By: Benjamin Lowentritt, MD, Chesapeake Urology, United Urology Group, Towson, Maryland, Urology and Urology-Oncology, GBMC Healthcare Inc, Towson, Maryland; Mark Fallick, MD, MBA, Myovant Sciences, Inc, Brisbane, California; Janis Pruett, EdD, RN, MSN, FNP-BC, Now with Sumitomo Pharma America, Inc, Marlborough, Massachusetts; Tao Jiang, PhD, Charles River Associates, Boston, Massachusetts; Eddie Li, MS, Charles River Associates, Boston, Massachusetts; Bruce Brown, MD, Aura Biosciences, Inc, Boston, Massachusetts; Robert Dufour, PhD, Myovant Sciences, Inc, Brisbane, California | Posted on: 19 Jan 2024

Lowentritt B, Fallick M, Pruett J, et al. Incidence of Cardiovascular Events in Patients With Prostate Cancer and Treated With Androgen Deprivation Therapy. Urol Pract. 2024;11(1):153-162.

Study Need and Importance

Androgen deprivation therapy (ADT) remains the foundation of advanced prostate cancer (PC) treatment. Since 2010, the Food and Drug Administration has required warnings for risk of diabetes and certain cardiovascular diseases (CVDs) in labeling of gonadotropin-releasing hormone receptor agonists.

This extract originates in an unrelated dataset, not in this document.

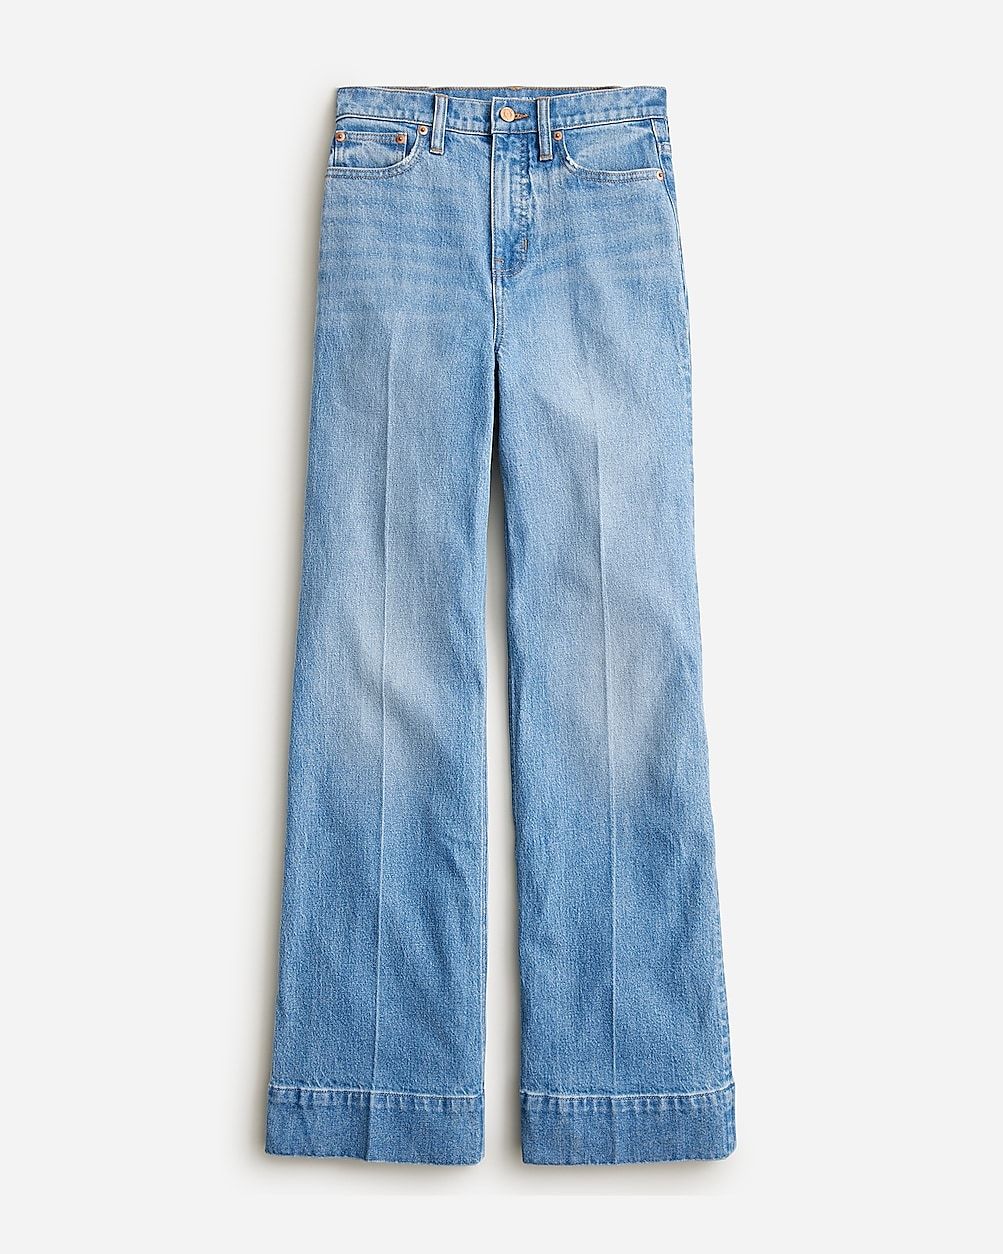 Tall denim trouser in Chambray blue wash | J.Crew US

In 2021, the American Heart Association recommended baseline assessment of cardiovascular (CV) risk in men starting ADT. However, optimal evaluation and management of CV risks remain to be defined.

What We Found

This observational, retrospective, real-world study (N = 10,530) used data from a large administrative US claims dataset (2010-2019) to evaluate time to a first CV event within 3 years postinitiation of ADT in PC patients, while controlling for baseline CVD history and risk factors (eg, diagnosis of diabetes, hypertension, etc).

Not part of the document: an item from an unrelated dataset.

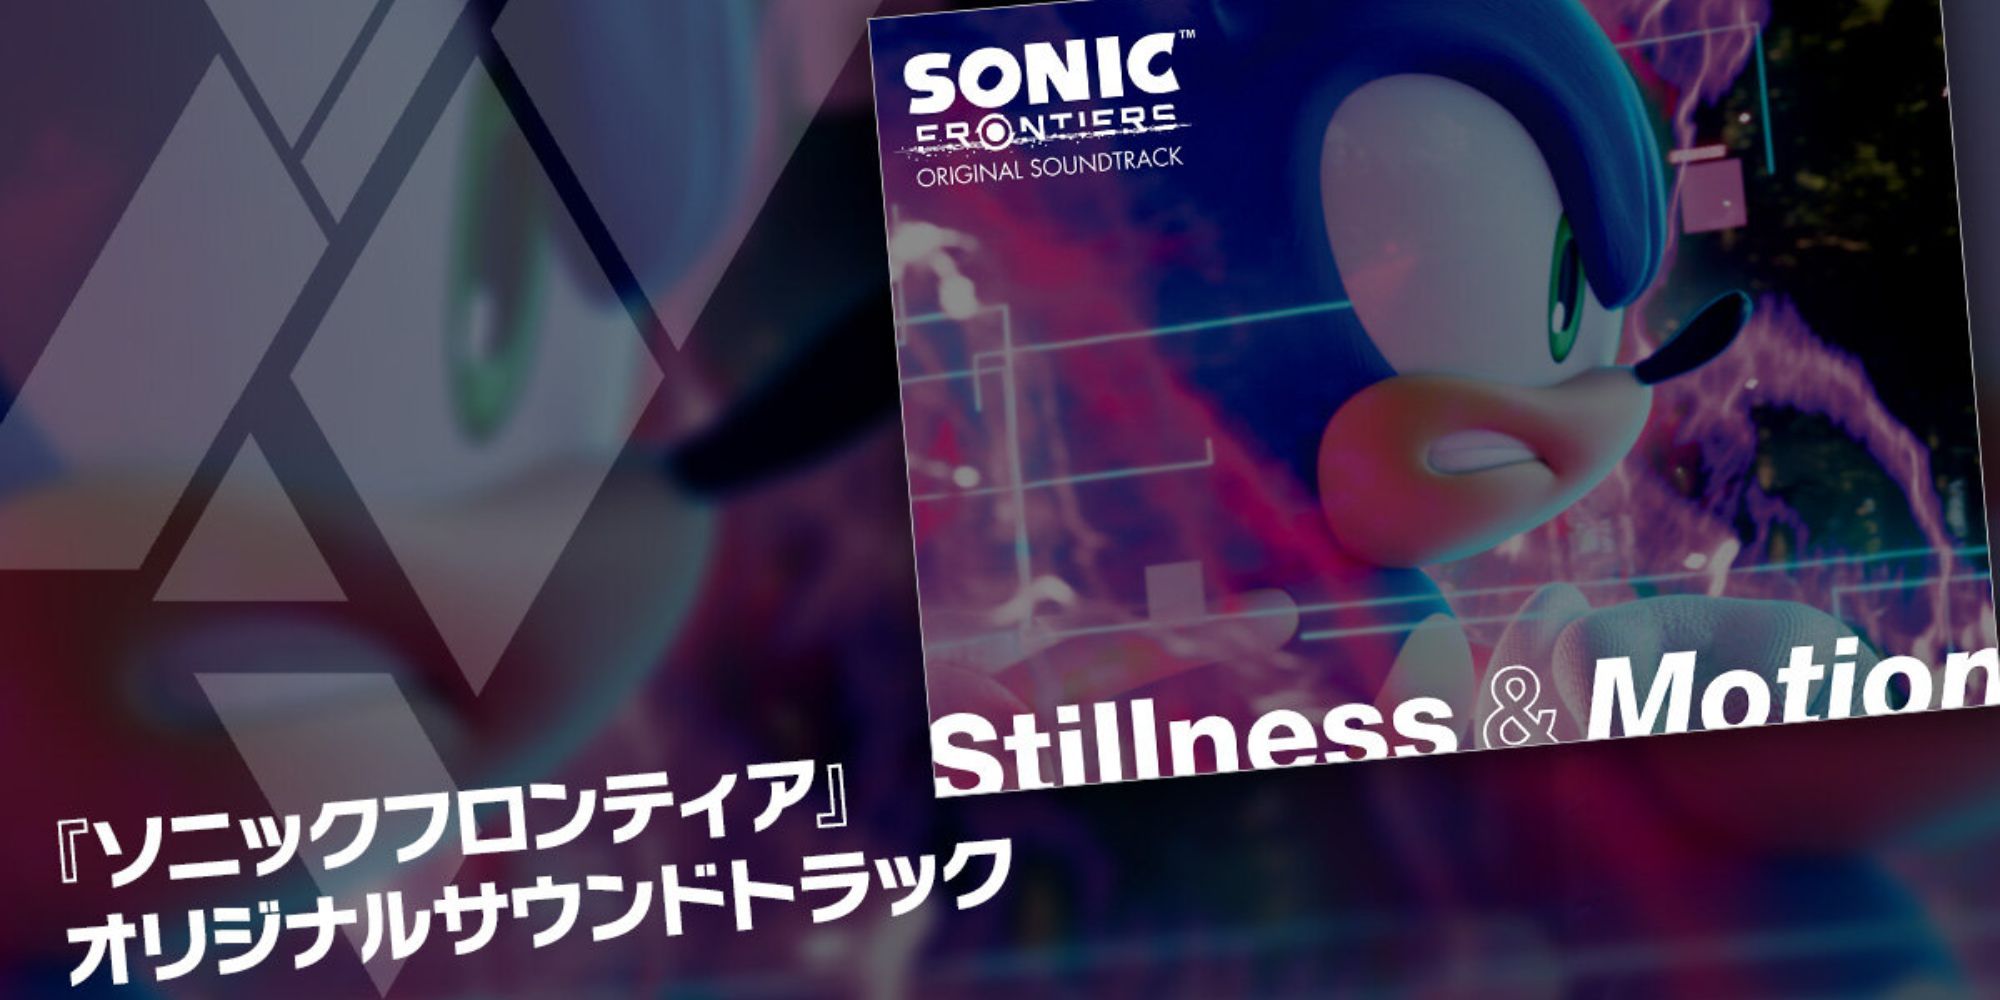 sonic-frontiers-soundtrack

The current analysis indicated that patients with a baseline history of CVD had increased risk of CV events within 3 years of ADT initiation vs those without baseline CVD history (Figure). Increased length of exposure to a gonadotropin-releasing hormone agonist and higher CV risks, as documented in this study, were also associated with increased risk of CV events during the follow-up period.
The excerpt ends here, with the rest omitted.